For the longest time, I’ve been yearning to write to you, and yet words kept chocking on my throat, and there’s this fear that’s been confronting me whether these thoughts make any sense. Since my last post, I’ve been on this journey within evaluating everything in my life. Who is Melis, what drives her?
In order to explain this story, I need to go back to the beginning of how everything started…
catch me up
It was our first time in the Maldives a little over a year ago. As an immigrant in the United States, it felt as if my whole life has been in survival mode, and the pursuit of trying to make it in America. However I never stopped to think and understand my lifestyle. Some of us are chained to think, you get a job, you get salary, and the better you do, the more things you can buy. I fell into this category.
When you live in a city like NYC, you can’t help but want things to fill your space. I just felt like I needed things, so many things, but was it truly fulfilling my soul and creating happiness?
This lifestyle made sense to me at the time, because I haven’t had a chance to understand the reasons behind the thought process. The more I worked, the more I wanted to spend and fill my space with stuff. But when we were in Maldives – I’m not sure whether it was the human to island space ratio, or the vastness of turquoise waters, my mind kept expanding. “WHERE DO I GO FROM HERE?!” I asked Abel. It felt like I peaked, and I didn’t know what else there was left for me. Because I was in such a good place, I also created some of my self-proclaimed best work.

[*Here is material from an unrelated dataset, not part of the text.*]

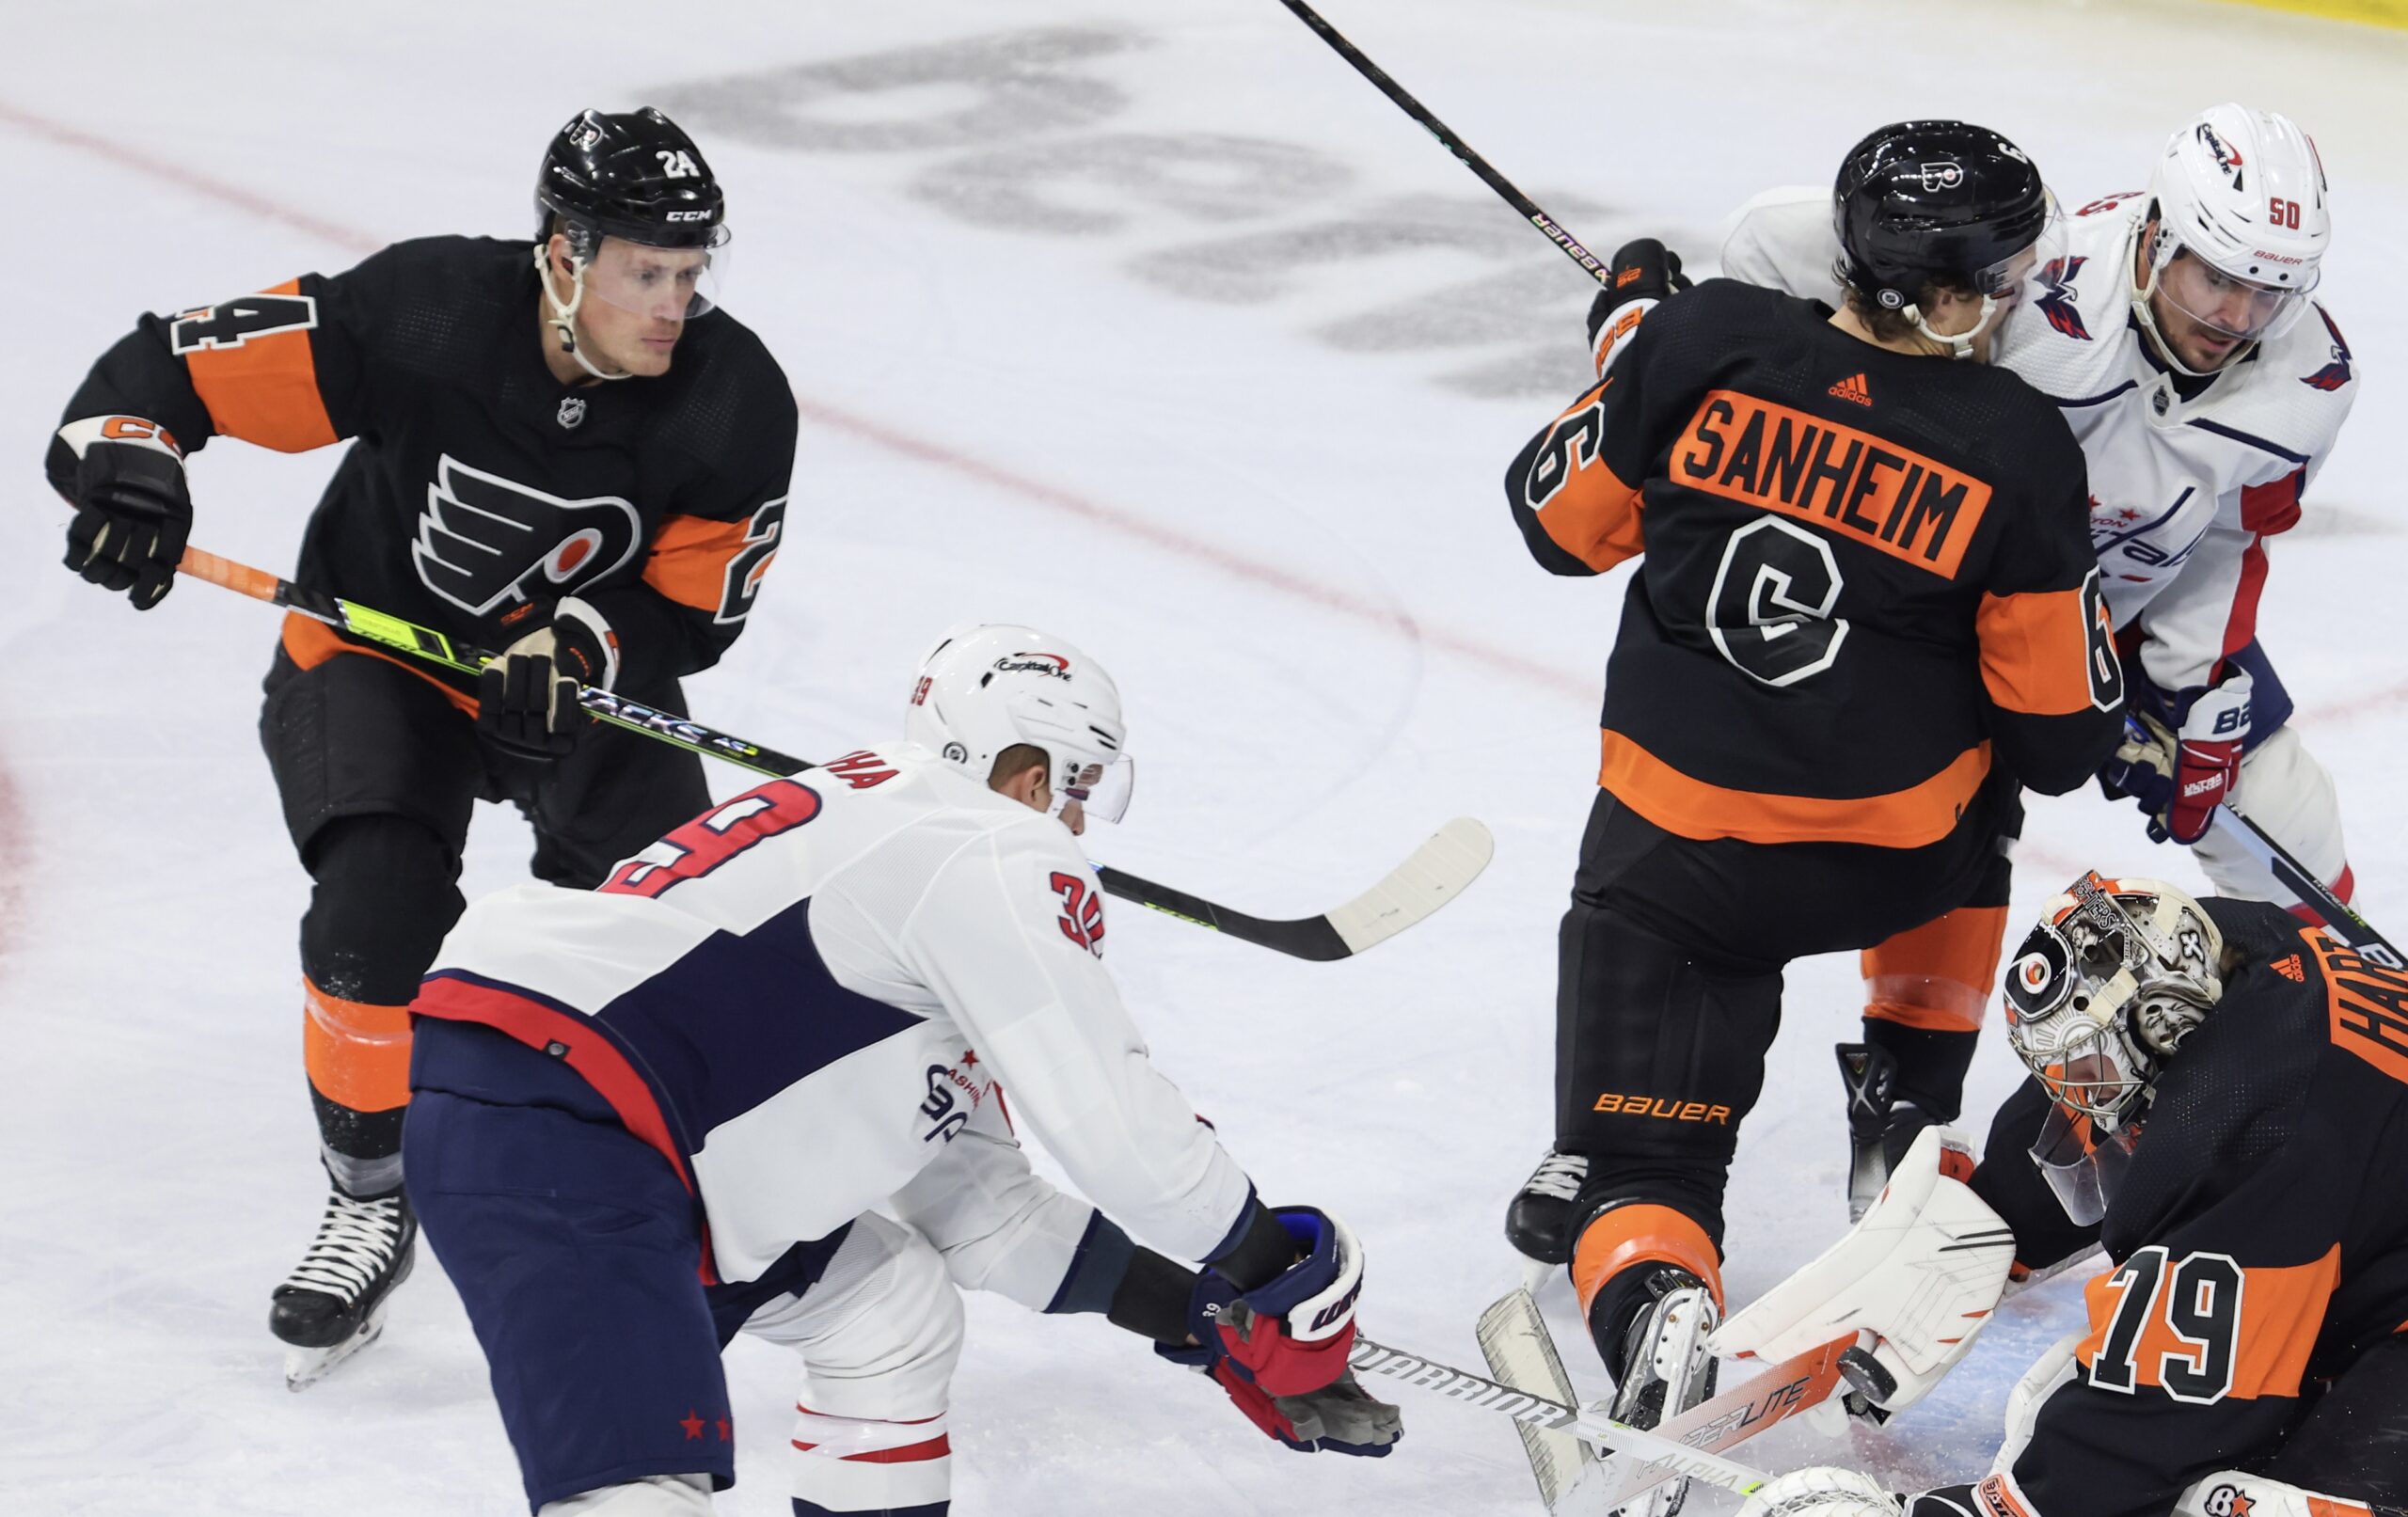 Ivan Provorov Signed Philadelphia Flyers 2019 Stadium Series

The crash right after was heavy in a first world kind of way. I went through my LONGEST creative block, and nothing felt new or different anymore. I stopped posting regularly, a lot of you reached out to ask if I was okay. To be honest, I felt a lot of guilt leaving you in the dark. New York was making me feel claustrophobic, I started the conversation of perhaps moving out of the city – something that your better half does not want to hear given we just did the coast to coast moving. However, I always knew deep down that, one day Abel and I would take some time off, and travel the world. I had this strong urge to see and reconnect with our planet and I hoped that I could find some answers. So for everyone who’s been asking why we’ve been traveling so much, I hope this sheds a bit of light.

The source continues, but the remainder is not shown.